In order to explore DHCR24 expression in patients with BLCA, data was retrieved from the HPA database (https://www.proteinatlas.org/). The BLCA data and normal bladder data in the DHCR24 immunohistochemistry dataset were analyzed.

For in vitro cytological validation, the human BLCA 5637 cell line was used. These cells can produce products such as stem cell factor, interleukin-1, interleukin-6 and granulocyte macrophage-colony stimulating factor. Moreover, 5637 cells were derived from the bladder epithelial cells of a 68-year-old male patient with BLCA which had adherent growth characteristics. The cell line is widely used in the study of the mechanism of BLCA development and drug treatment strategies (18,19).

Human BLCA 5637 cells, purchased from Wuhan Punosai Life Technology Co., Ltd., were seeded at 5×10⁶ cells/well in six-well plates and cultured in 10% FBS/DMEM in a 5% CO₂ incubator at 37°C. Fetal calf serum and DMEM were purchased from Hyclone, and the Penicillin-Streptomycin Solution mixture was purchased from Donglin Changsheng Biotechnology Co., Ltd. The concentration of double antibody was 1%. When the cells reached ~50% confluence, the old medium was discarded and the cells were starved overnight. Subsequently, 5 ml DMEM was added to each well, images of the cells were captured, and then drug treatment was applied. To observe the number of adherent cells after 72 h, the cells were counted in the same position of each group and each well under the same field of view using the same microscope magnification. U18666A, Filipin, EGF and paraformaldehyde were purchased from Beijing Ding Guo Changsheng Biotechnology Co., Ltd. Lonafarnib was purchased from Selleck Chemicals. The working concentrations of EGF, U18666A and lonafarnib were 15 ng/ml, 2 µM and 1.9 nM, respectively. The inverted and fluorescence microscopes used were manufactured by Olympus Corporation. The number of adherent cells per unit area was plotted using GraphPad Prism 9.3 (Dotmatics).

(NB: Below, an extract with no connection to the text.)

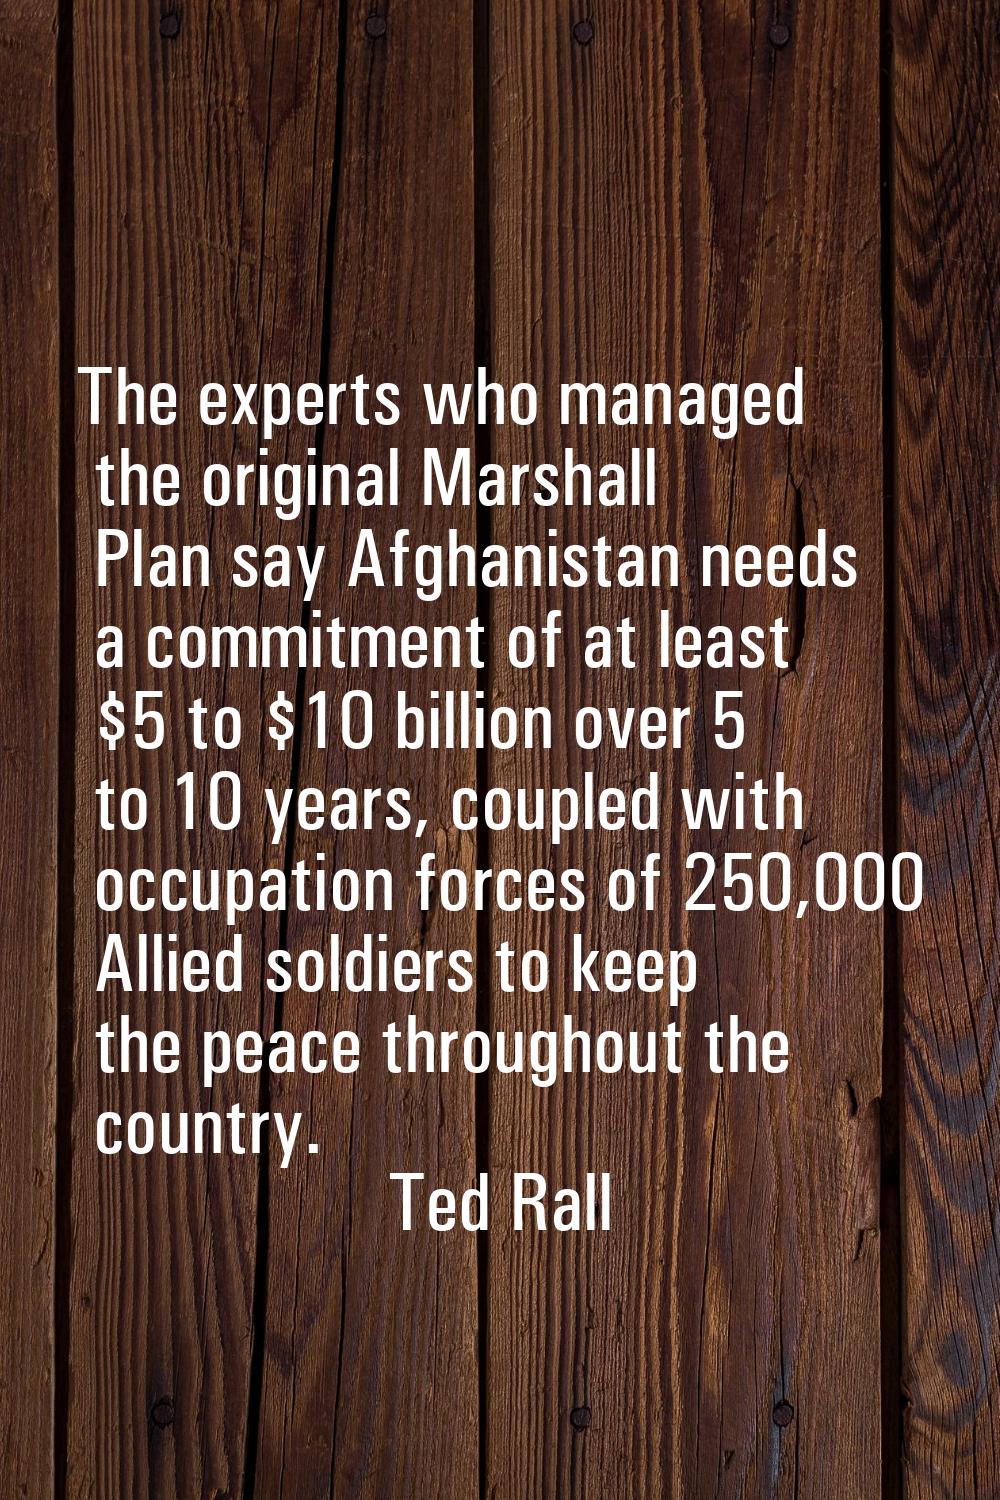 The experts who managed the original Marshall Plan say Afghanistan needs a commitment of at least $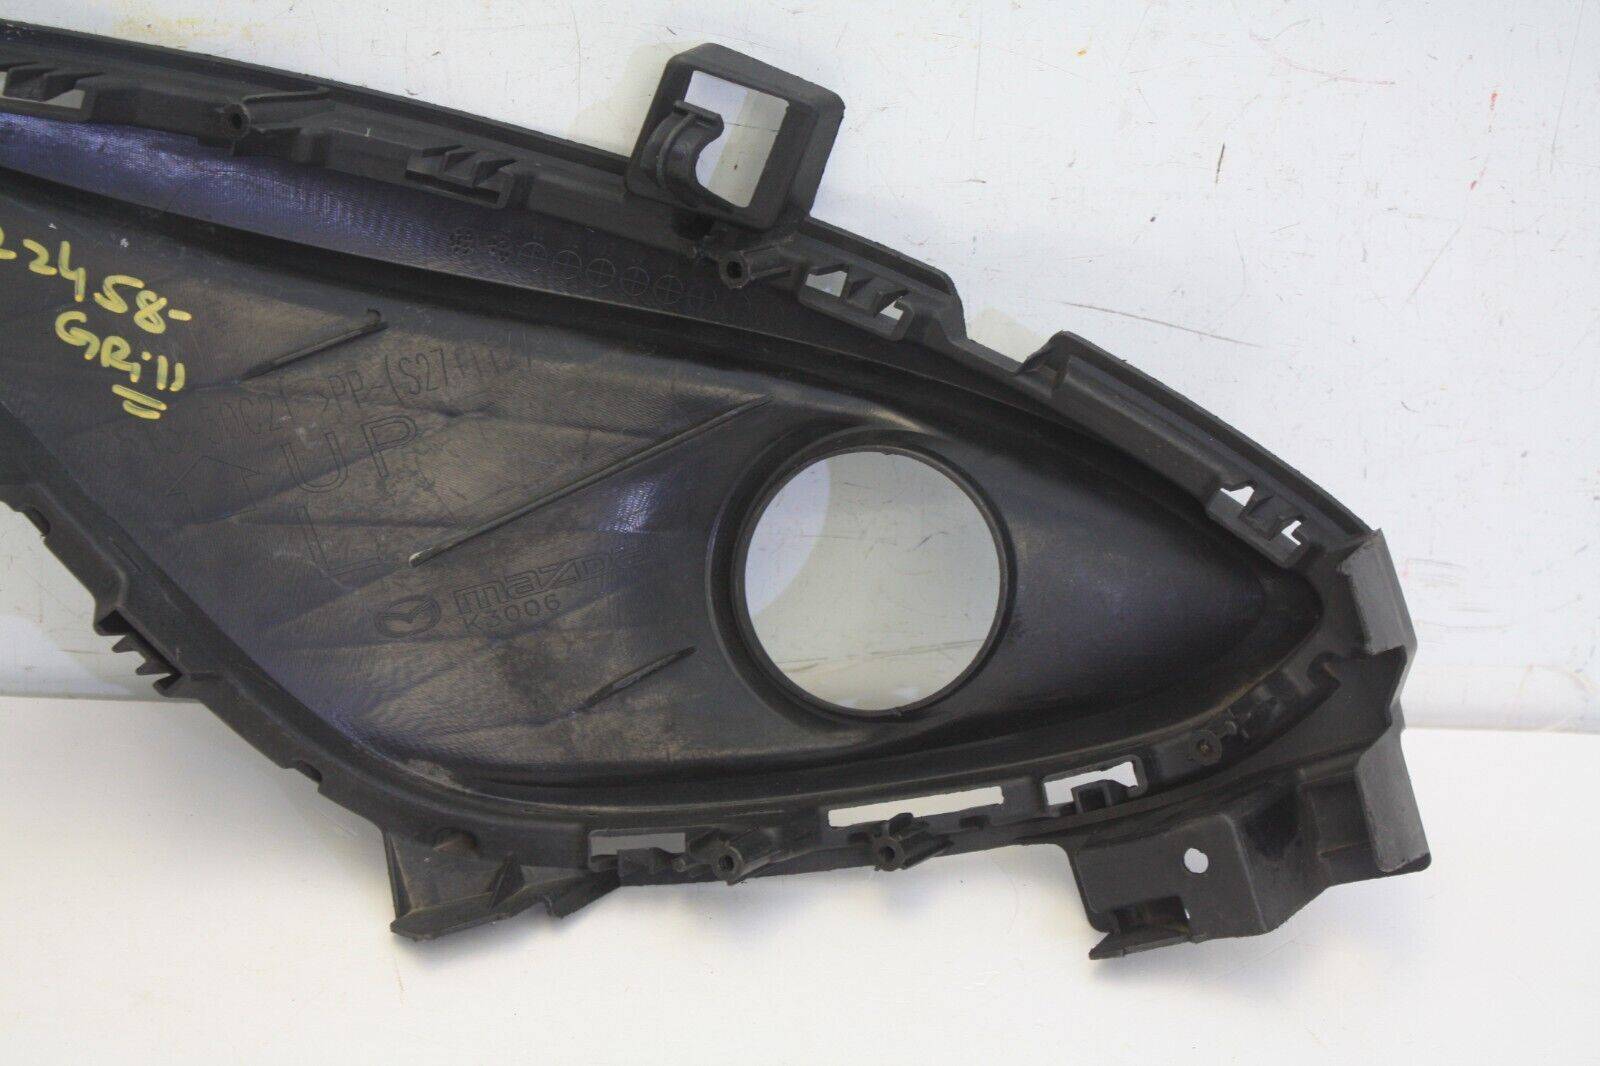 Mazda-5-Front-Bumper-Left-Side-Lower-Grill-2010-TO-2015-C513-50C21-Genuine-176241201496-11

Cells were seeded in 96-well plates at a density of 1×10⁵ cells/well and incubated for 24 h at 37°C. When the cells reached ~50% confluence, the old medium was discarded and the cells were starved overnight. Next, 0.5 mg/ml tetrazolium salt (MTT) was added and the cells were incubated for 4 h at 37°C. The working concentrations of EGF, U18666A and lonafarnib were 15 ng/ml, 2 µM and 1.9 nM, respectively. EGF can activate the downstream signaling pathway to promote the proliferation of cancer cells. U18666A is a DHCR24 inhibitor, and the cell viability and proliferation changes after inhibition of DHCR24 can be explored. Lonafarnib, an HARS inhibitor, can be used to investigate the changes in cell viability and proliferation after inhibition of HRAS activity. Several negative control groups were set up, namely the untreated control group and the EGF, U18666A and lonafarnib control groups. The EGF control group was cultured with 15 ng/ml EGF for 15 min and then the medium was replaced. The U18666A control group was treated with 2 µM U18666A, and the lonafarnib control group was treated with 1.9 nM lonafarnib. The other two experimental groups were treated with 15 ng/ml EGF for 15 min, then the medium was replaced, and then 2 µM U18666A and 1.9 nM lonafarnib were added, respectively. After drug addition, all cells were treated at 37°C for 72 h. Following the incubation period, the formazan crystals were dissolved using 100 µl of dimethyl sulfoxide (Sigma-Aldrich; Merck KGaA). The absorbance of the samples was then measured at 490 nm using a microplate reader (Spark^®; Tecan Group, Ltd.). The percentage of viable cells was calculated and compared with that of the negative control.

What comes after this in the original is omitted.